The main demand drivers in Jubilee Heights are an above-state-median household income of $95,316/year, a dwelling mix that is 76% separate houses, roughly 1 schools and 1 parks within the catchment. Together these shape both owner-occupier and tenant demand and are the factors we weight most heavily in the suburb's investment score.
Jubilee Heights has a usual resident population of approximately 164, compared with a Queensland suburb median of 5,474 — placing it in the lower half of the state's suburbs by size. Population is the clearest proxy for market depth: more residents mean more transactions and typically a shorter average days-on-market on resale.
Jubilee Heights sits 1322 km straight-line from the Brisbane CBD. This is a regional market where CBD distance is only indicative — local industry diversity and commute alternatives matter more.
The most recent census recorded a median weekly rent of $330 in Jubilee Heights, equating to approximately $17,160/year in gross rental income (state median $385/week). Market rents have typically drifted above the recorded figure — verify against current listings on realestate.com.au and Domain before making an offer.
The median monthly mortgage repayment in Jubilee Heights is $1,842, or approximately $22,104/year (vs $1,733/month state median).

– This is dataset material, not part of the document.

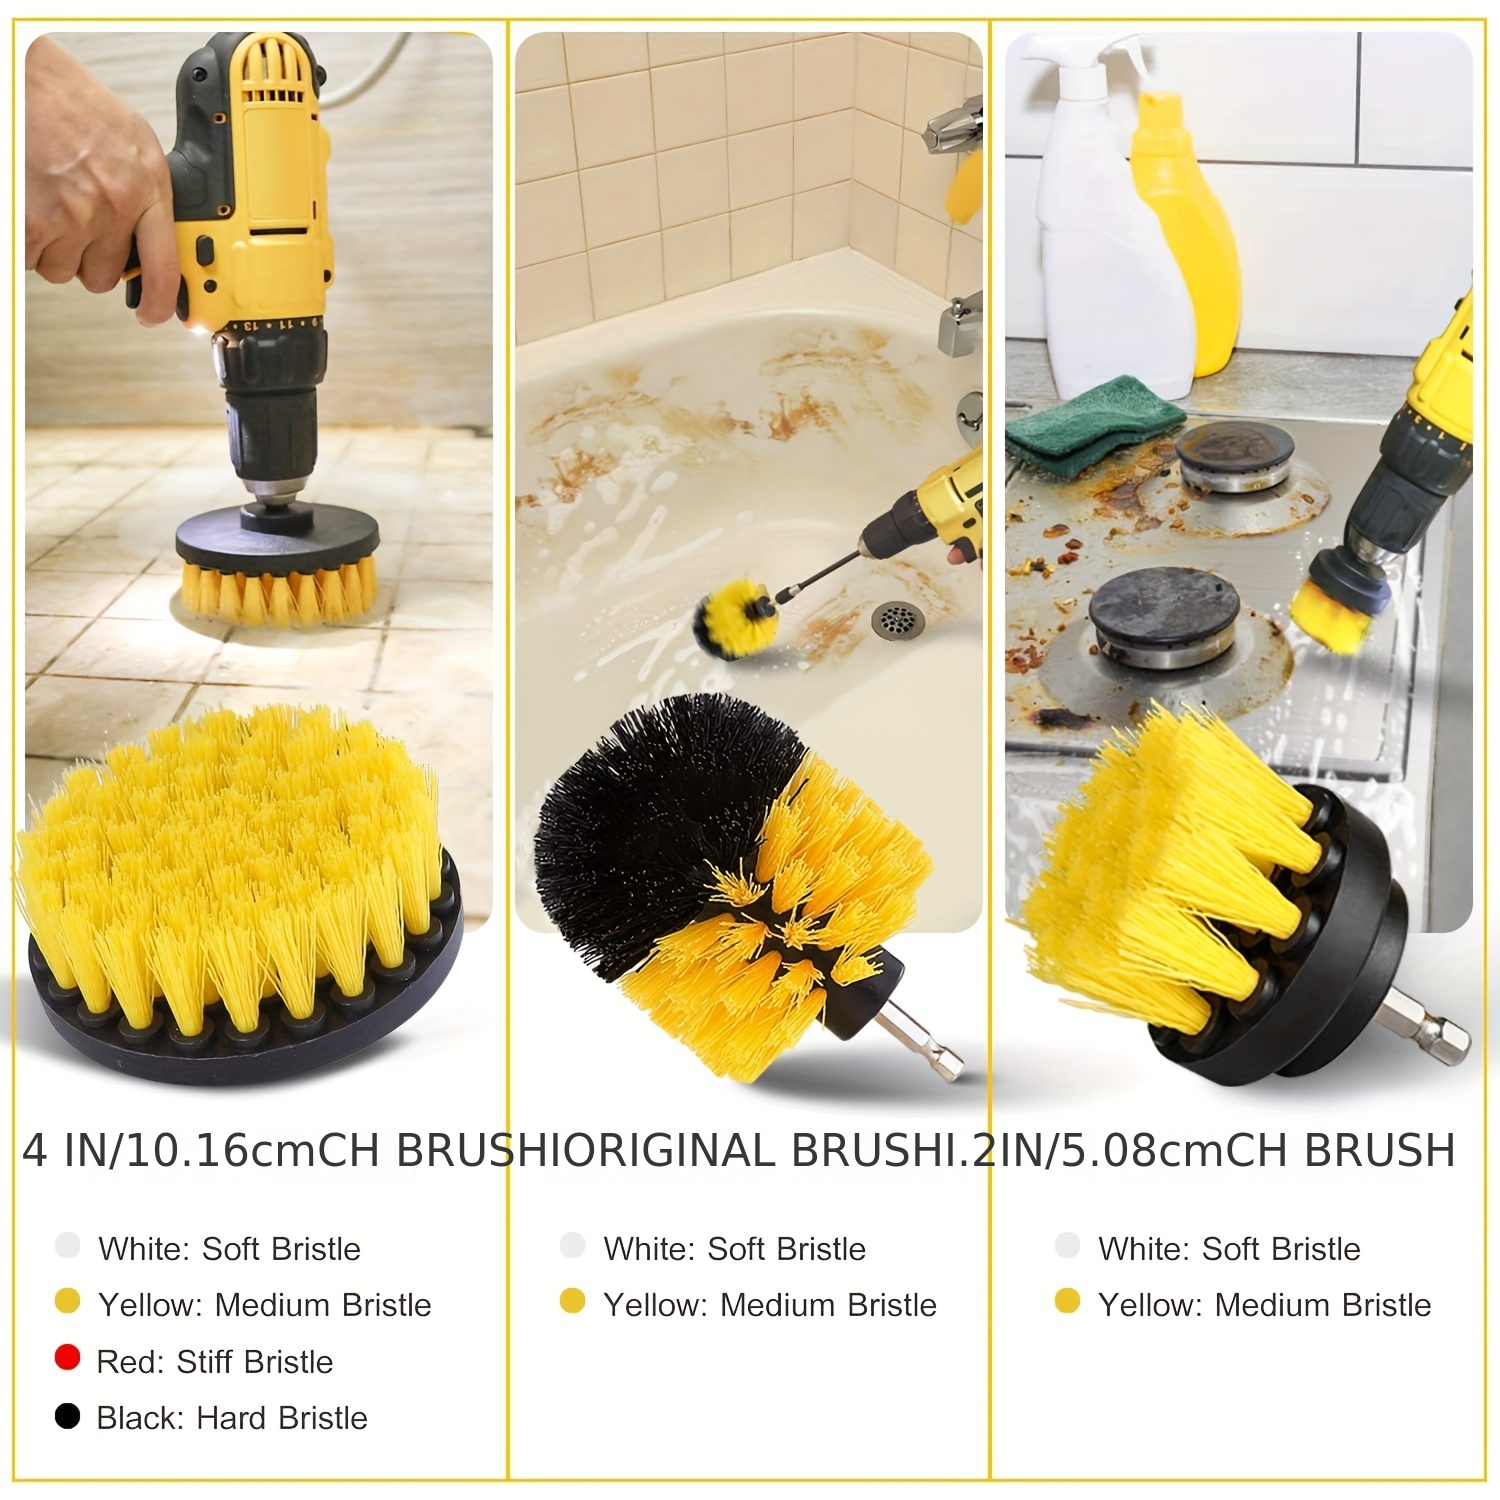 Cepillo eléctrico para limpiar duchas, tinas, y baldosas de Drillbrush

Stress-test your own borrowing at rates 1–2 percentage points above today's to make sure you can still service the loan through an RBA tightening cycle.
A median weekly rent of $330 works out to $1,430/month, covering 78% of the median mortgage repayment of $1,842/month. That leaves a $412/month shortfall (around $4,944/year before tax benefits), so a typical owner-occupier-priced property here is negatively geared. Actual cash flow depends on your deposit, loan terms, ownership costs and marginal tax rate — run the full numbers in our rental yield calculator.

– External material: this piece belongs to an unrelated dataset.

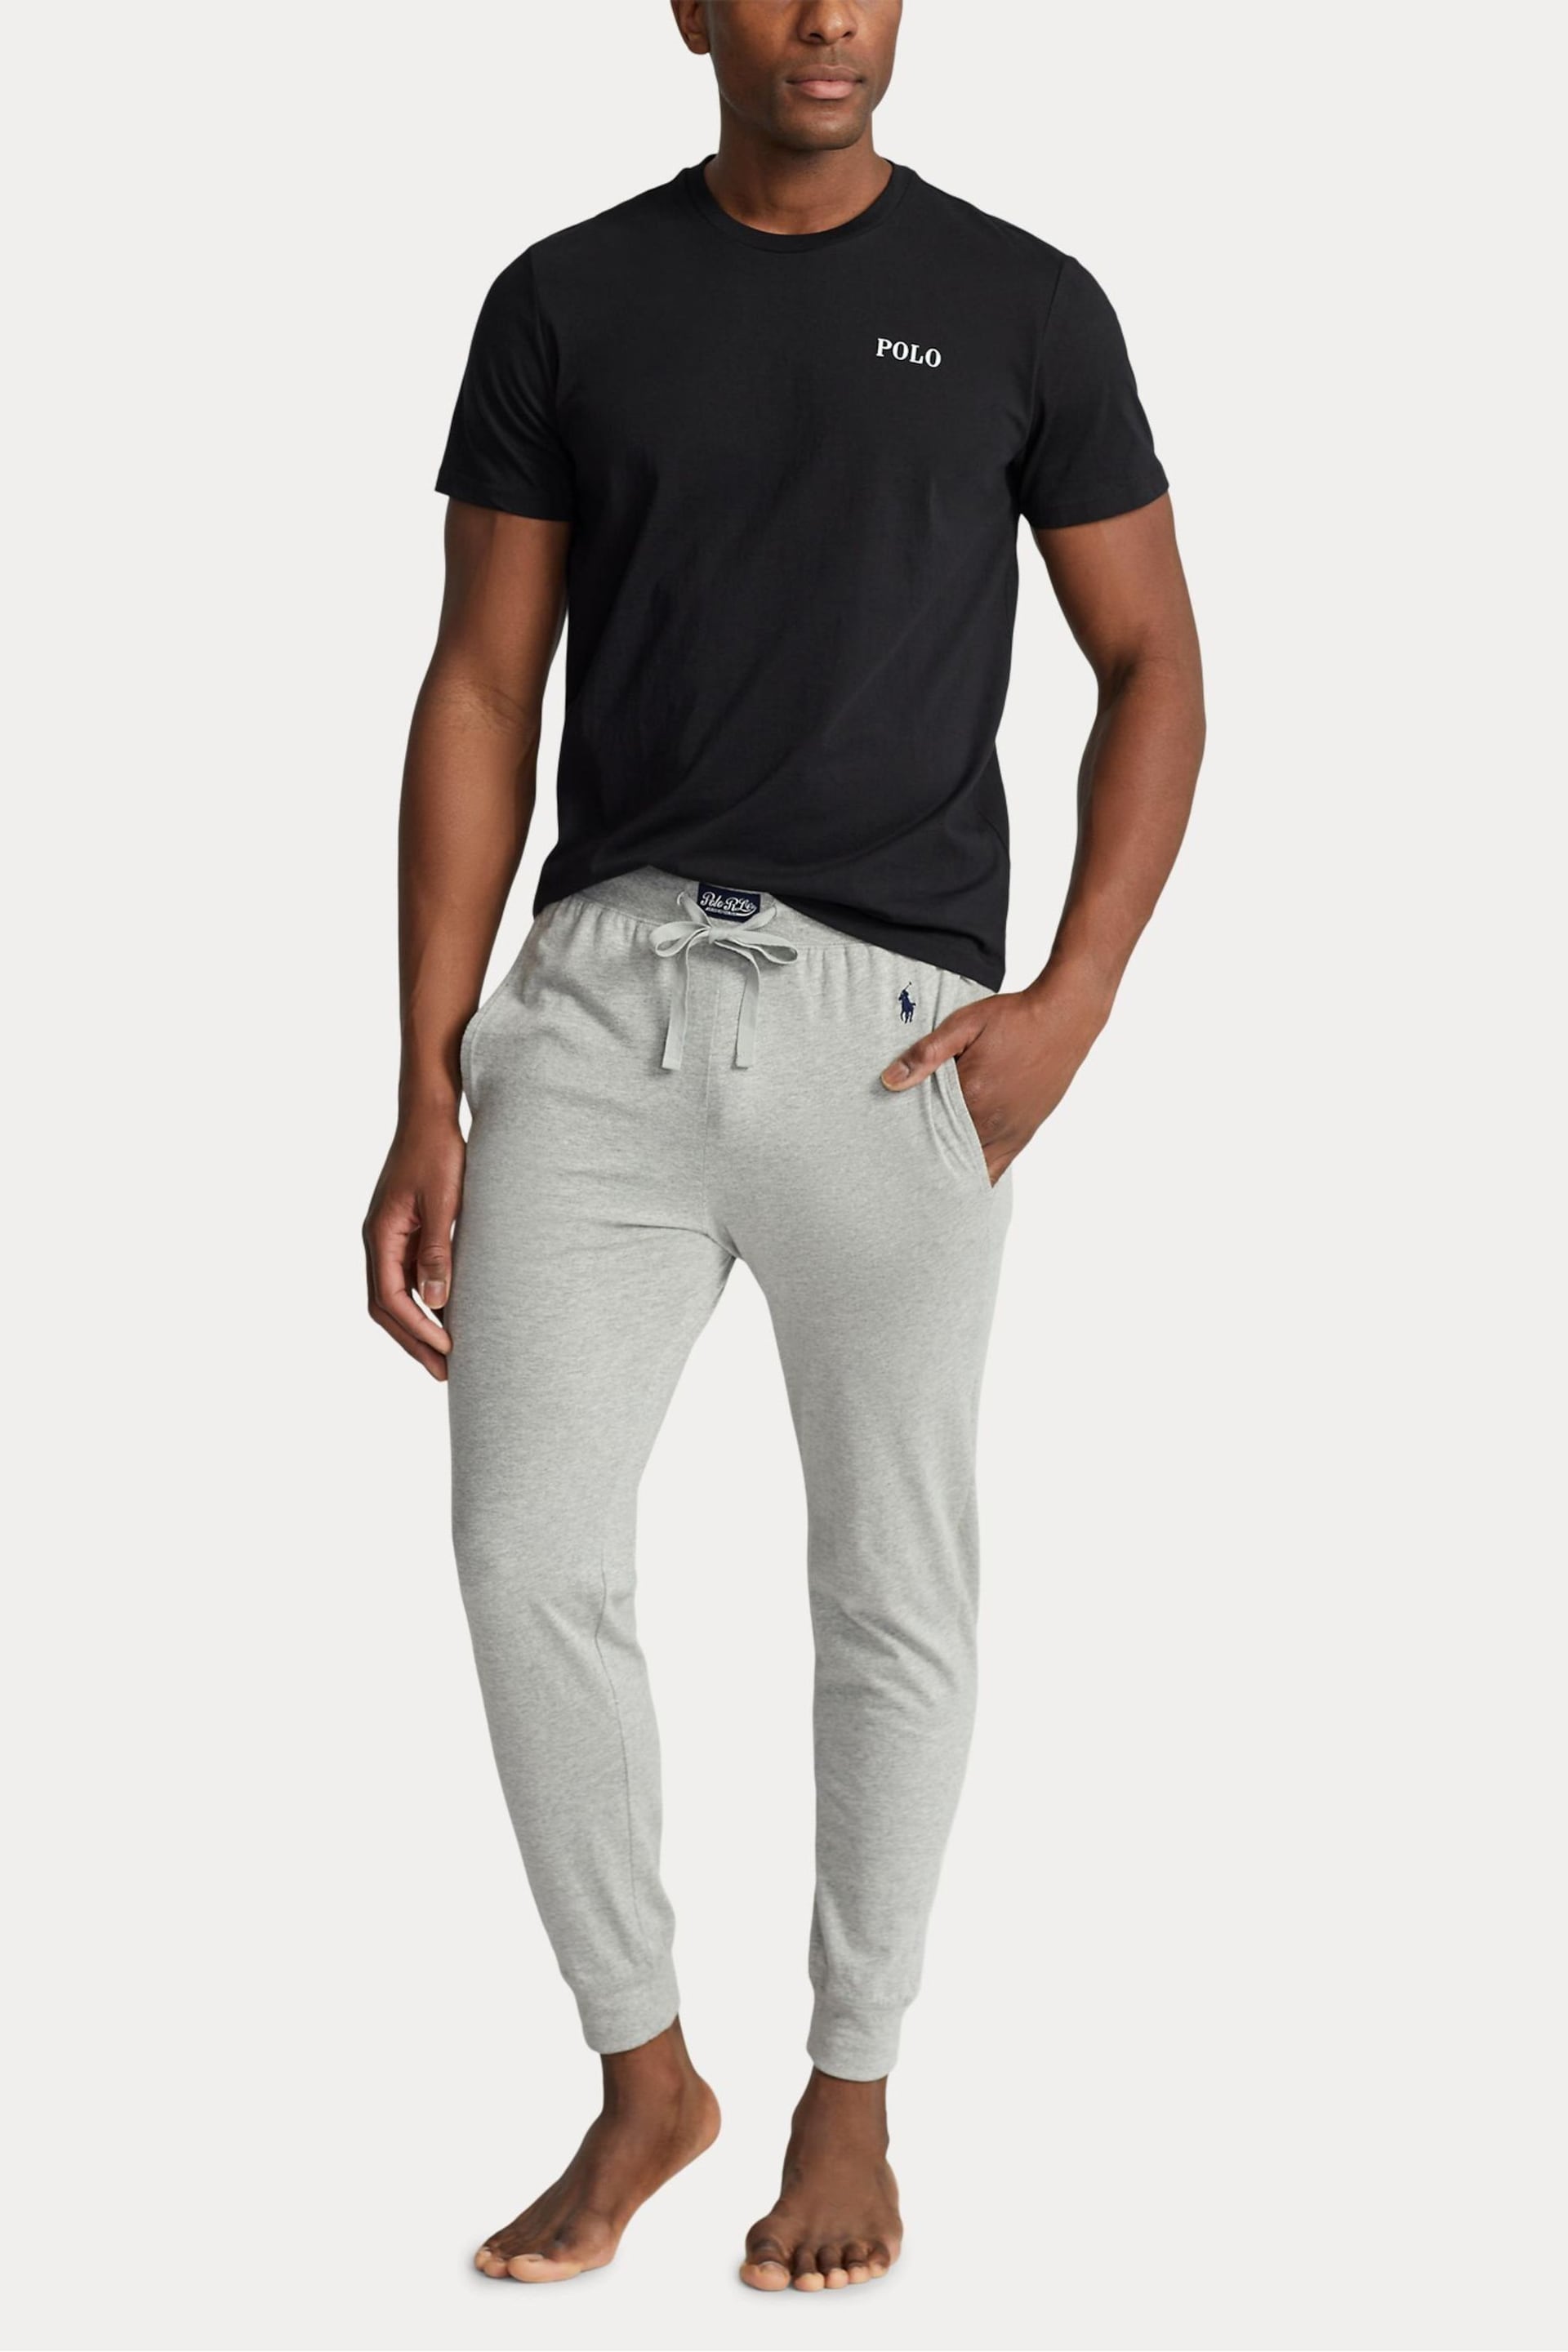 Polo Ralph Lauren Cotton Jersey Short Sleeve Logo T-Shirt - Image 3 of 4

The main risks are a thin buyer pool (164 residents), interest-rate sensitivity on the $1,842 median mortgage, the broader Queensland market cycle. Each of these is covered in the Risk Factors section above with suburb-specific numbers rather than generic warnings.
Every number on this page comes from the ABS 2021 Census of Population and Housing, Australia Post postcode reference data, and OpenStreetMap amenity tiles. The investment score, strategy verdicts, and comparison table are computed deterministically from those inputs — no opinion, no estimation. See our full methodology and the data sources and licences for the formulas we use.